1.3 Purpose of the Study
The purpose of this study is to critically examine the parental support and pupils learning outcomes in education. The specific objectives include the following:
- To examine the impact of parents in early childhood preschool pupils’ learning outcomes.
- To investigate if the socio-demographic characteristics of the parents have an impact on preschool pupils’ learning outcomes.
- To examine the factors affecting parental support in early childhood education.
- To recommend measures to increase the rate and support of parents in preschool pupils’ learning outcomes.
1.4 Research Question
- To what extent will parents influenced early preschool pupils’ learning outcomes?
- Does the socio-economic characteristics have any impact on preschool pupils’ learning outcomes?
- What are the factors affecting parental support in early childhood education?
- What are the measure that will increase the rate and support of parents in preschool pupils’ learning outcomes?
1.5 Research Hypothesis
The following hypothesis was developed for the study:
Ho: There is no significant relationship between parental support and preschool pupils’ learning outcomes.
H1: There is significant relationship between parental support and preschool pupils’ learning outcomes.
1.6 Scope of the Study
The study examined parental support and pupils learning outcomes in education. A study of education district IV, Yaba, Lagos. The study will be limited to five selected Pre-Nursery Schools in district IV, Yaba, Lagos.
1.7 Significance of the Study
The significance of the study lies in the hope that the findings may be of benefit to:
The Ministry of education where the study may be used to formulate policy that will enhance early childhood education in the classroom.
Furthermore, the study will be used by the Ministry of Education and other policy making organs of government especially in the measures they adopt in resolving the identified factors militating against early childhood education.

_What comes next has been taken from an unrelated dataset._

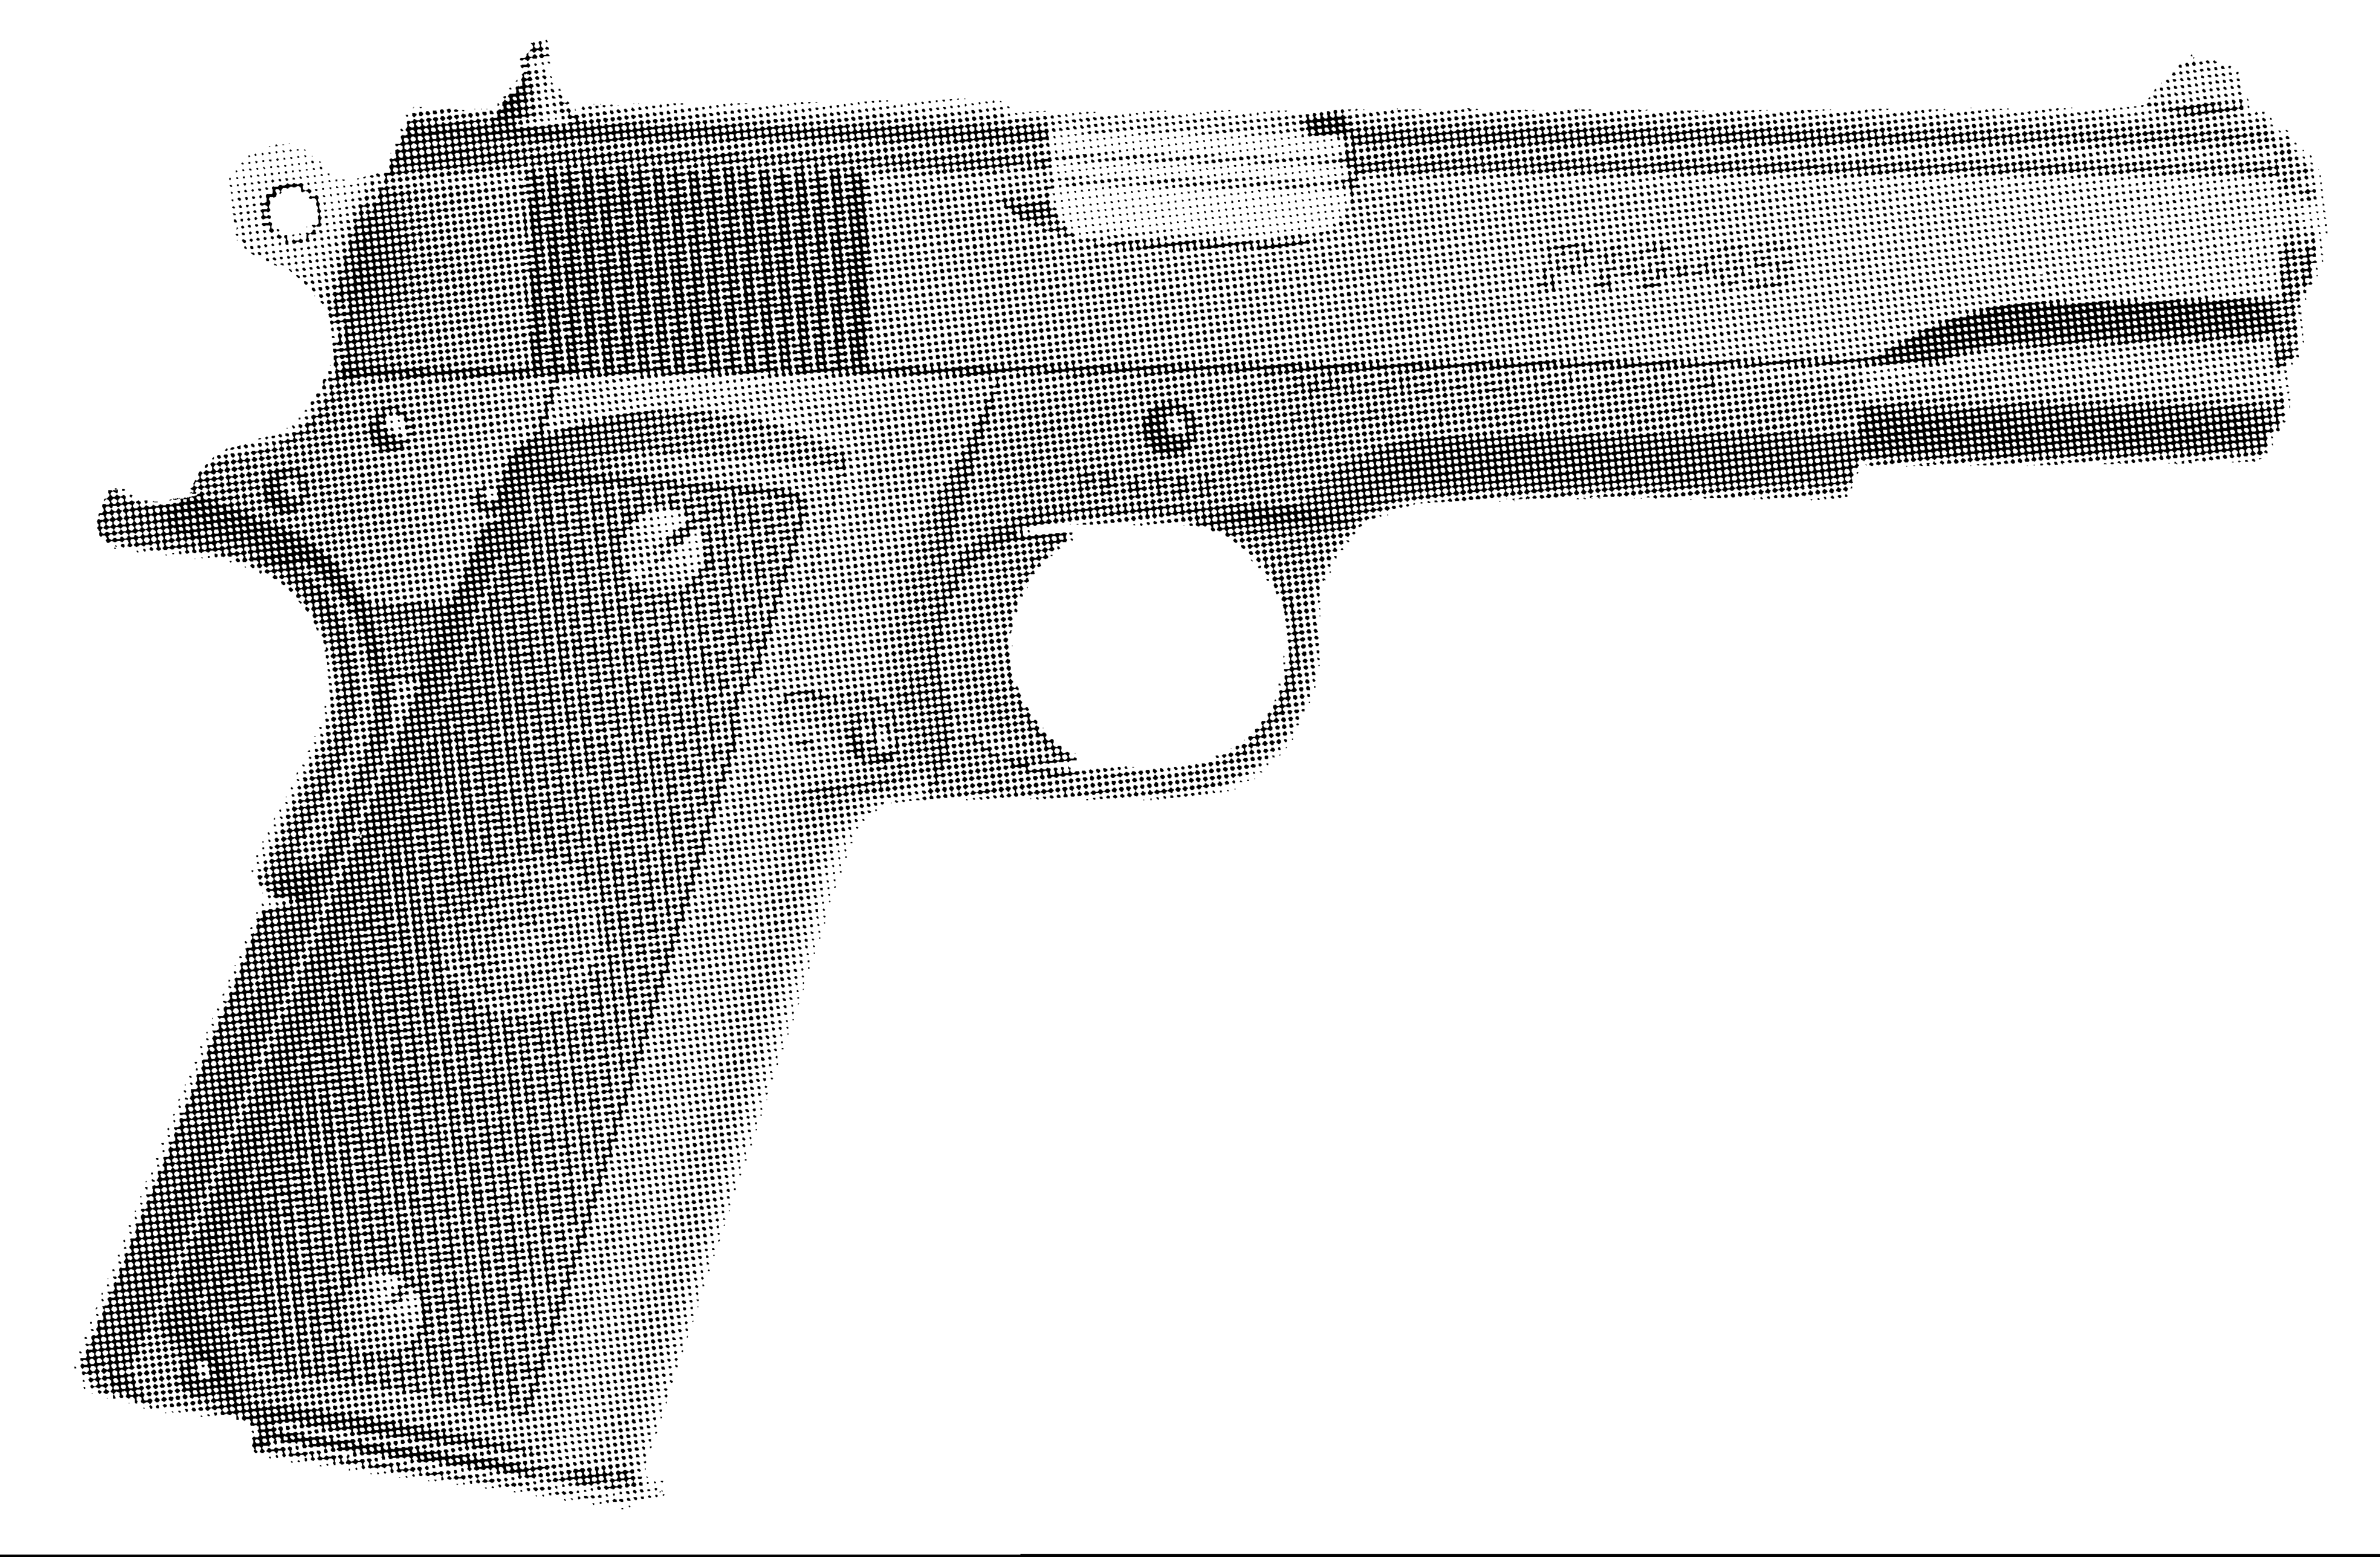 Model P14.45

The findings of this study will reveal the best ways or measures to be taken in order to improve the quality of early childhood education in Lagos state; which helps to promote parental support, teachers’ productivity and effective school system as a whole.
1.8 Operational Definitions of Terms
Relative to this study, definitions to the following terms are provided in order to clarify each in the context of the topic:
Parental Support: Parental support is a behavioural and evolutionary strategy adopted by parents, making a parental investment into the evolutionary fitness of their offspring.
Preschool: Education given to children from birth to the age of about eight years.
Learning outcomes: Learning outcomes are statements that describe significant and essential learning that learners have achieved, and can reliably demonstrate at the end of a course or program.
Infant/Toddler Education: This is a subset of early childhood education which denote the education of children from birth to age two
Classroom: This a room in which a class of pupils or students is taught.
Childhood: Childhood is the age span ranging from birth to adolescence.
Education: Education is the process of facilitating learning, or the acquisition of knowledge, skills, values, culture, and habits.
Family Values: These are values supposedly learned within a traditional family unit, typically those of high moral standards and discipline.
Parent: A parent consists of a person whose gamete resulted in a child, a male through the sperm, and a female through the ovum.